The only fly in all that ointment was Knox.
Because Ramona had met him on her very first night as a Montana resident.
She had driven up Copper Mountain, and parked the truck she now knew that she could live in for weeks at a time, if necessary, behind her grandfather’s old house. She’d spent most of the afternoon caught between nostalgia and overwhelm. Because while it was a delight to be back in the place that she had loved so much as a girl, it also wasn’t the same place she remembered. It had been left to its own devices for far too long.
She had walked around the property, set back from the main road that led into the little community of Cowboy Point, near where the tiny local library stood. There was a falling down shed out back, but the house itself was sturdy. She had already figured out the layout in her head and how she would turn the ground floor into a clinic with her own living area upstairs. Maybe one day she’d renovate the shed, too.
All of those dreams had seemed doable on the drive out here, across the Midwest and through the grasslands and the rolling plains. But once she’d actually arrived, she’d found that she questioned her ability to do any of it.
So she’d taken a long shower and had walked into town to see if there was any food to be had on that first, bright June evening.
She had found Mountain Mama Pizza bustling, with a band out on the patio beneath strings of happy lights. She’d gotten herself a beer and one of their special pizzas, and even though she hadn’t known a single soul in that restaurant that night, she had felt her optimism rising again.
Because it felt like the kind of place she wanted to call her own. It felt like the Cowboy Point she remembered from her summers with her grandfather. He had known everyone in town, just as all those people that night had seemed to know each other. It was different from the town she had grown up in back in New Hampshire that was far more manicured and tailored to the fancy college that was at the center of all life there. They kept the wilderness to the White Mountains in the north and pretty photographs of the snow when it fell in town.
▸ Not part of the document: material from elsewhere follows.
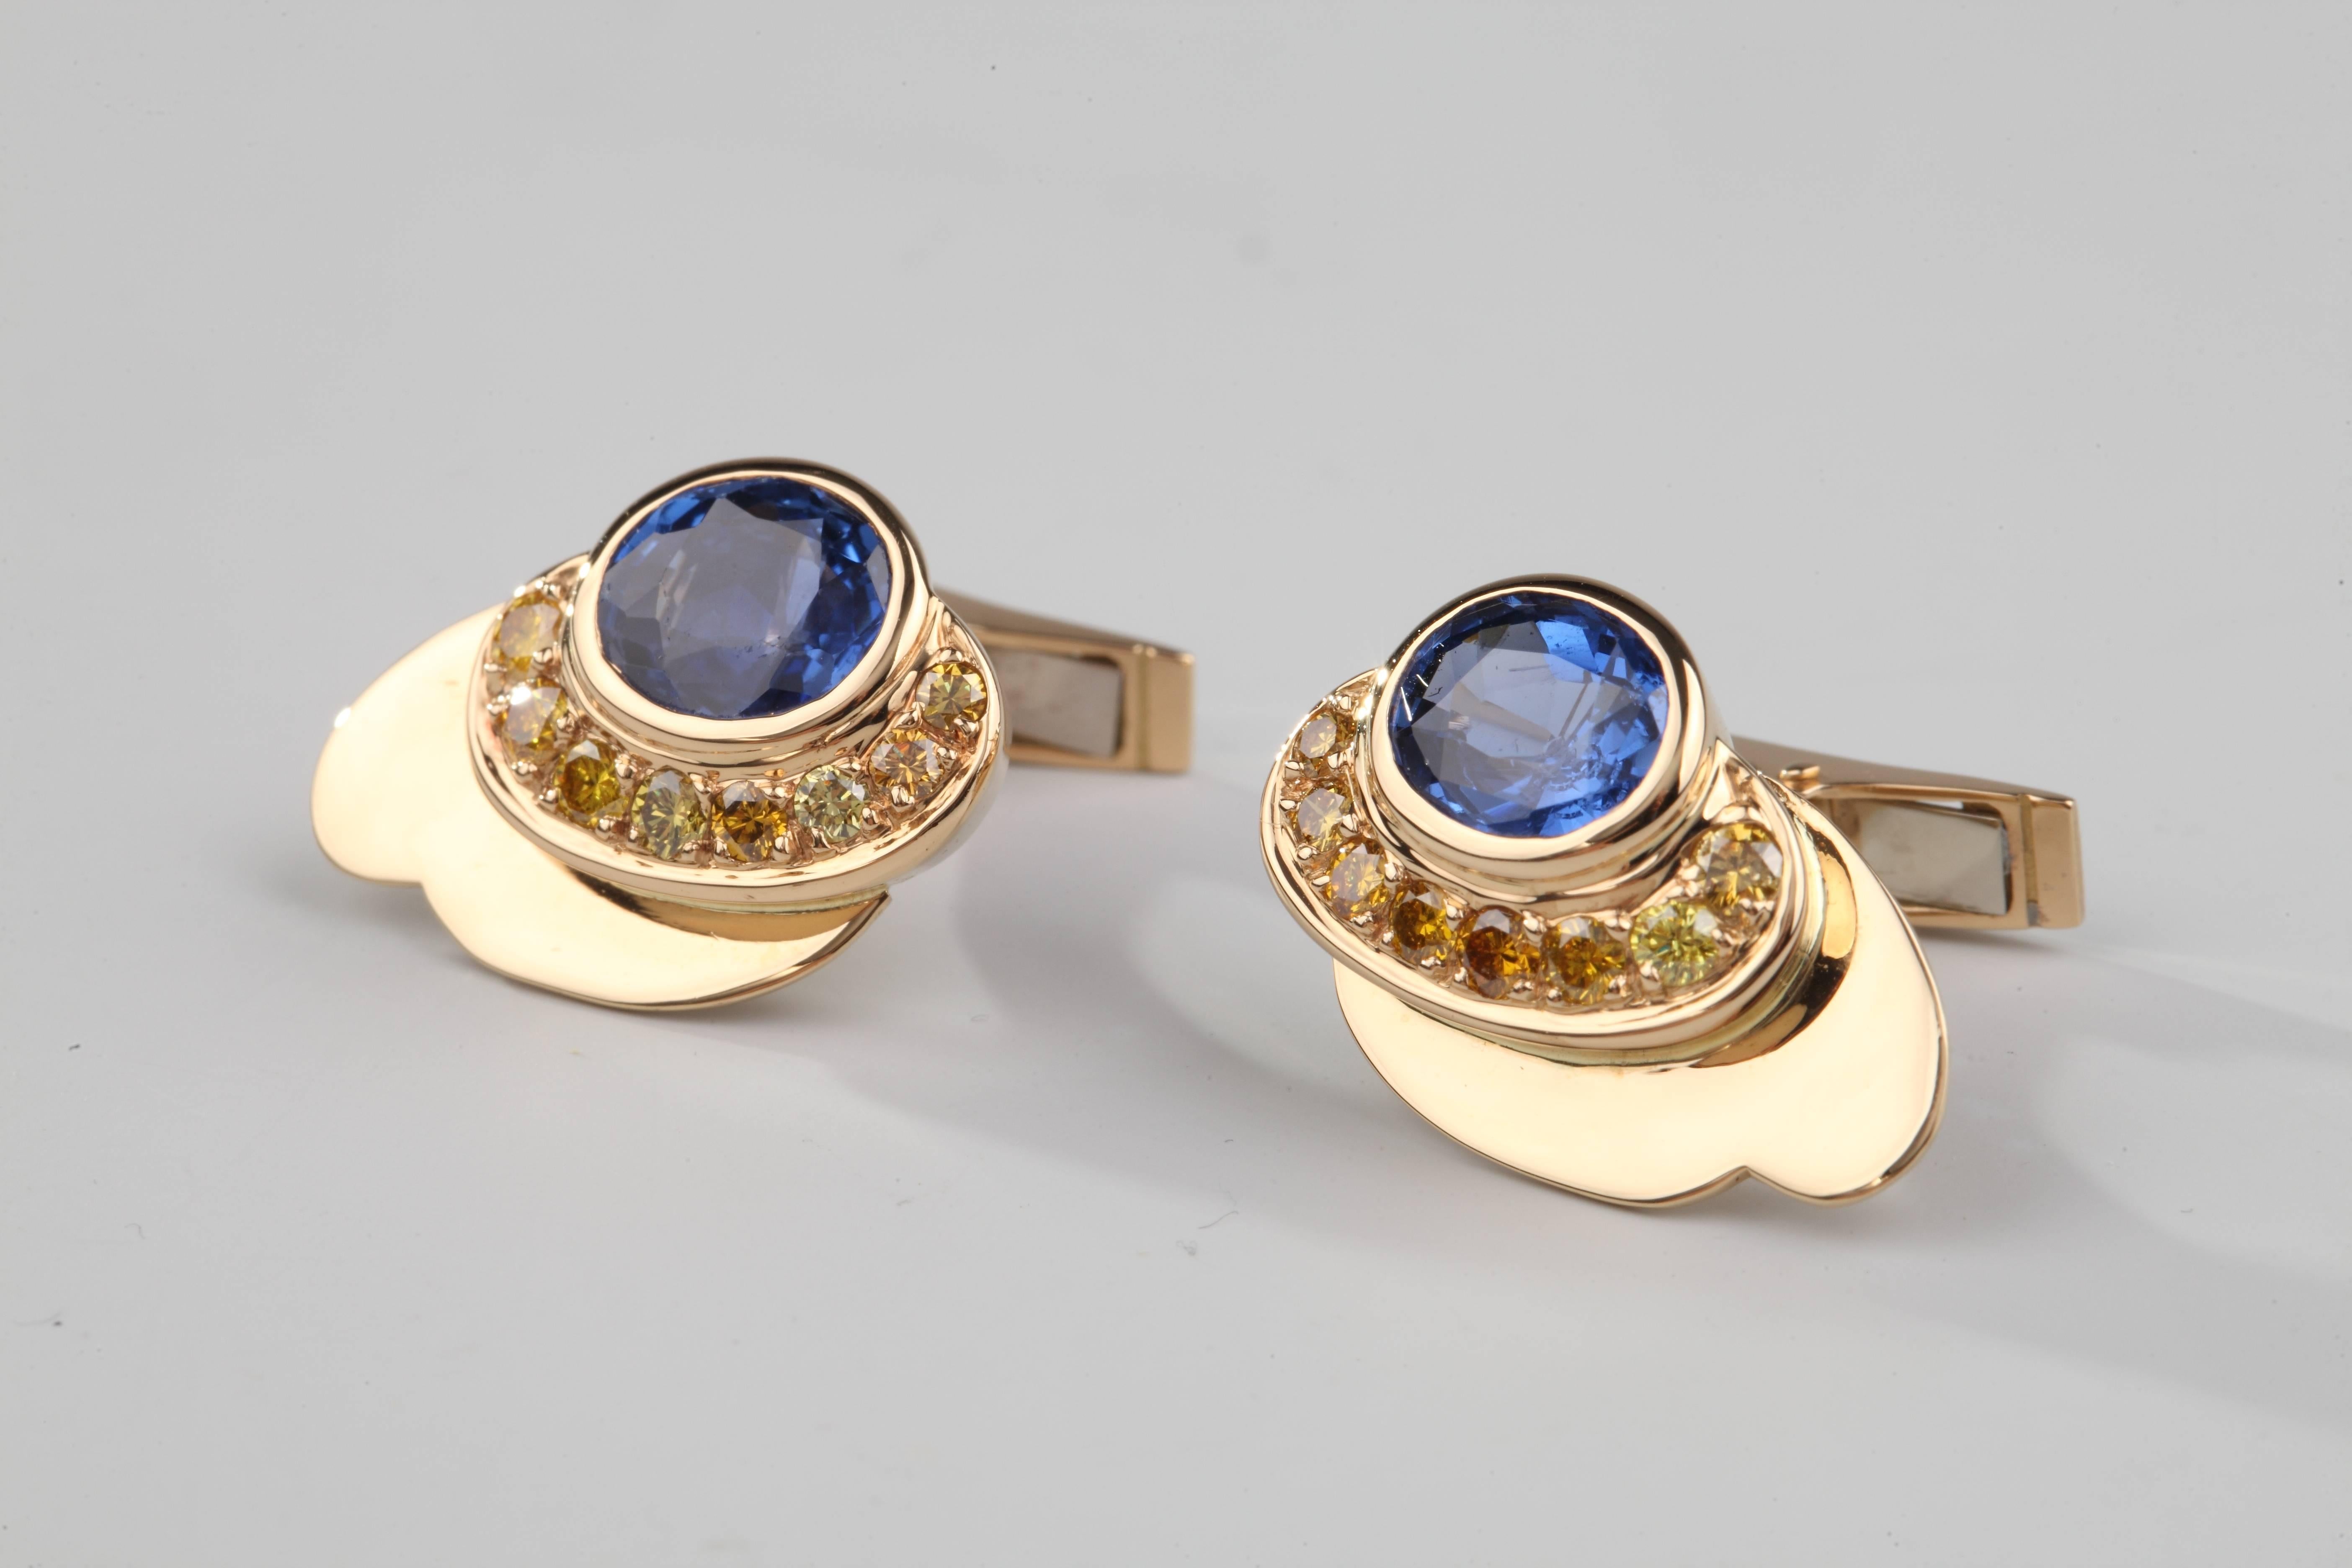 Cufflinks designed as a painter's pallet in yellow gold set with blue sapphires ( Sri-Lanka, natural color) highlighted by yellow diamonds.
Stamp for Jean Vendôme and french assay marks for gold.

Cowboy Point felt more genuine to her, somehow. Maybe that was why she’d liked it so much all along.
She had finished eating and had been enjoying a second beer when Knox had walked by her table and smiled at her.
And Ramona had debated this a lot, looking back.
Had it been that moment? Had it been as simple as that smile? Or the way he’d stopped still as if he’d hit an invisible wall, and could do nothing at all but stare at her?
She had certainly felt the electricity between them. It should have been shocking—but the way he smiled made it feel more like honey all through her body.
Not less shocking, but sweeter.
“Why don’t I know you?” he had asked, and that smile of his had made what should have been a clichéd sort of line feel new, real, and breathless. “Please tell me who you are so we can rectify that as soon as possible.”
He had sat down with her at that table and that had been the beginning of it all.
Since then, everything between them had been that same explosive, electric conflagration, too sweet and too hot to bear, and time hadn’t dulled it at all.
Over the past year and a half, there had been times when she’d thought that it might work out. When he’d spent every night in her bed, or she’d been a fixture in his, and she had been certain that it all had to mean something.
But it never did.
Or, if she was brutally honest with herself, it had never meant what she wanted it to mean.
And she had come to the reluctant, painful conclusion that if she wanted the life she’d always dreamed about having here, she needed to insist on more.
So she had.
And Knox Carey had declined the offer to step into that kind of intensity. Or anything that hinted at something permanent. It was a line he refused to cross.
That, of course, really should have been the end of it. To her enduring shame, it wasn’t. The end had come much later, after months and months of heartache and hooking up and hurting herself with her own feelings again and again and again.
Now here they were, having not interacted at all in two months, which was a record. And even though she was driving to his house in the middle of the night—not exactly a new thing in their tortured little story—Ramona reminded herself that this was not a booty call.
There was a baby in the mix. In case she had been tempted to think he was making that up, she’d heard the unmistakable sounds of an infant through the phone.
Ramona would like to believe that she wouldn’t have gone if she hadn’t heard those sounds, having moved on and all, but she wasn’t sure that was true—and that was lowering. Extremely lowering.
Up before her in the middle of the swirling snow, she saw the tall posts she was looking for loom up out of the dark. And up on top, the wooden sign that read High Mountain Ranch.
Ramona felt relief wash all through her, though she wouldn’t have admitted it if anyone asked. Especially if that anyone was Knox.
But part of her really had thought that she’d driven off into the unmarked part of the mountains, where it was entirely possible that she would have been lost forever.